학술논문

Adaptive Formation Motion Planning and Control of Autonomous Underwater Vehicles Using Deep Reinforcement Learning
Document Type
Periodical
Source
IEEE Journal of Oceanic Engineering IEEE J. Oceanic Eng. Oceanic Engineering, IEEE Journal of. 49(1):311-328 Jan, 2024
Subject
Geoscience
Power, Energy and Industry Applications
Formation control
Collision avoidance
Planning
Behavioral sciences
Autonomous underwater vehicles
Vehicle dynamics
Task analysis
Actor-critic network
adaptive formation control
deep reinforcement learning (DRL)
multiple autonomous underwater vehicles (AUVs)
motion planning
obstacle avoidance
Language
ISSN
0364-9059
1558-1691
2373-7786
Abstract
Creating safe paths in unknown and uncertain environments is a challenging aspect of leader–follower formation control. In this architecture, the leader moves toward the target by taking optimal actions, and followers should also avoid obstacles while maintaining their desired formation shape. Most of the studies in this field have inspected formation control and obstacle avoidance separately. This article proposes a new approach based on deep reinforcement learning for end-to-end motion planning and control of underactuated autonomous underwater vehicles (AUVs). The aim is to design optimal adaptive distributed controllers based on actor-critic structure for AUVs formation motion planning. This is accomplished by controlling the speed and heading of AUVs. In obstacle avoidance, two approaches are developed. In the first approach, the goal is to design control policies for the leader and followers such that each learns its own collision-free path.
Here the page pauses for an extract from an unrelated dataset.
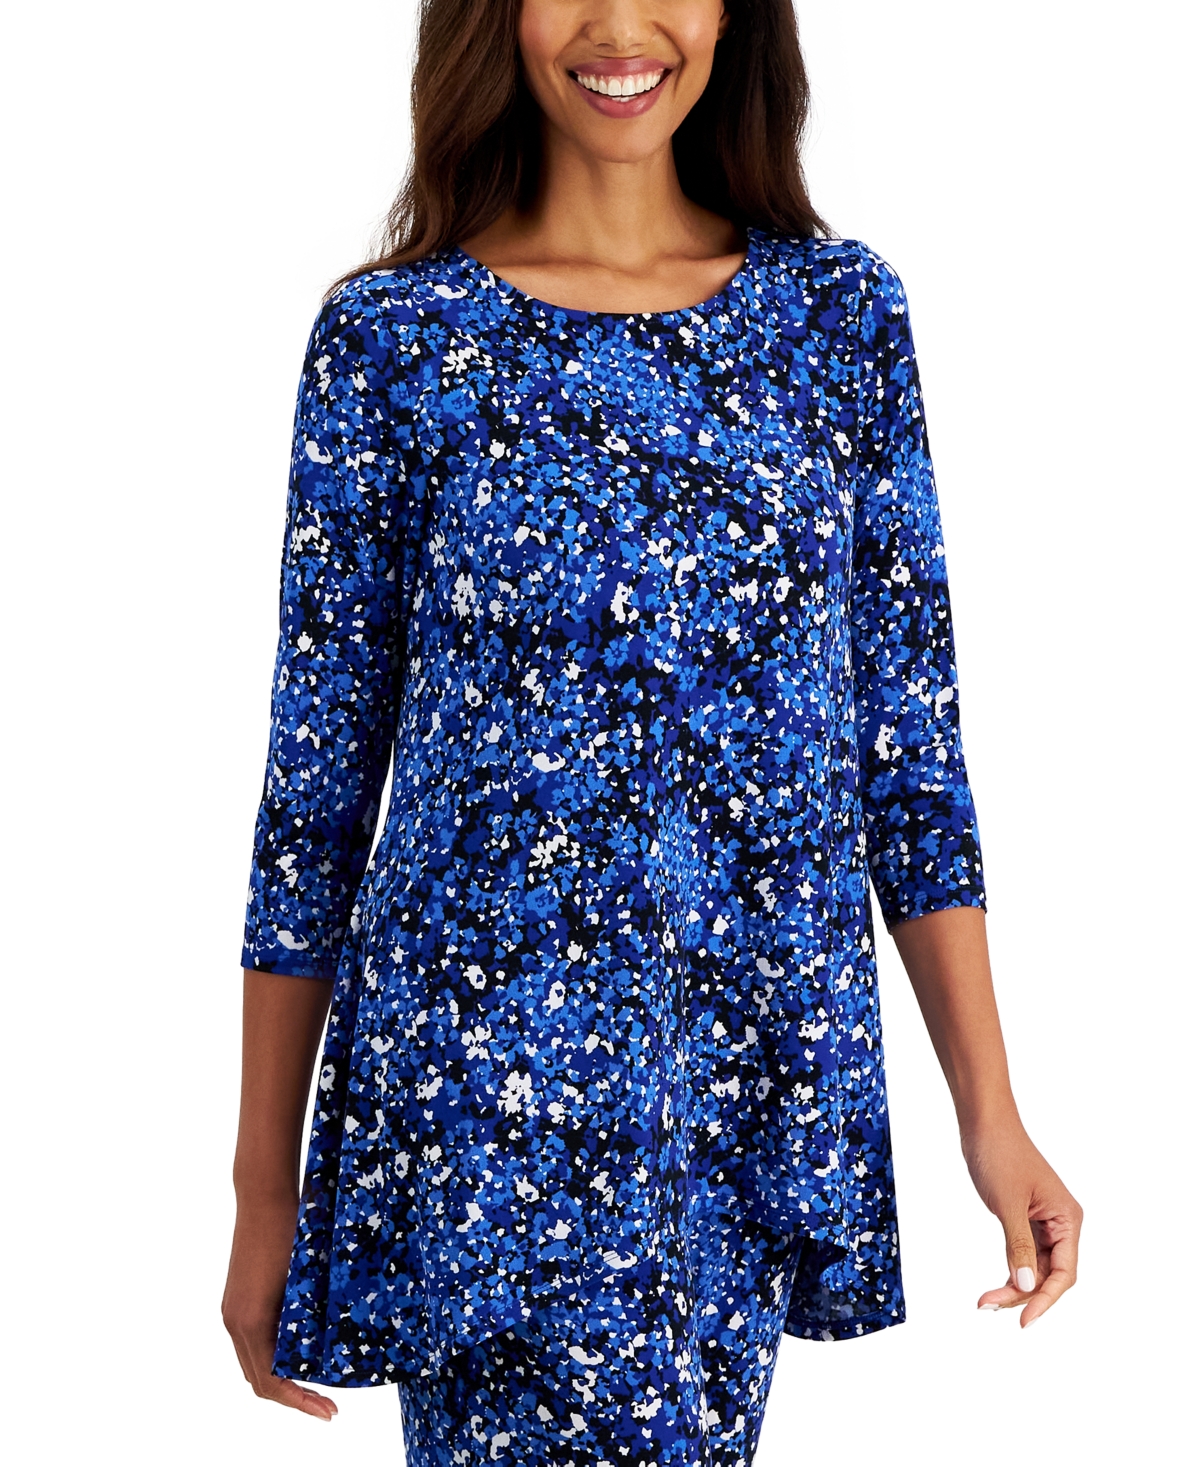 Women's 3/4 Sleeve Knit Dressing Printed Swing Top, Created for Macy's - Modern Blue Combo

Moreover, the followers adhere to an overall formation maintenance policy. In the second approach, the leader solely learns the control policy and safely leads the whole group toward the target. Here, the control policy of the followers is to maintain the predetermined distance and angle. In the presence of ocean currents, communication delays, and sensing errors, the robustness of the proposed method under realistically perturbed circumstances is shown. The efficiency of the algorithms has been evaluated and approved using a number of computer-based simulations.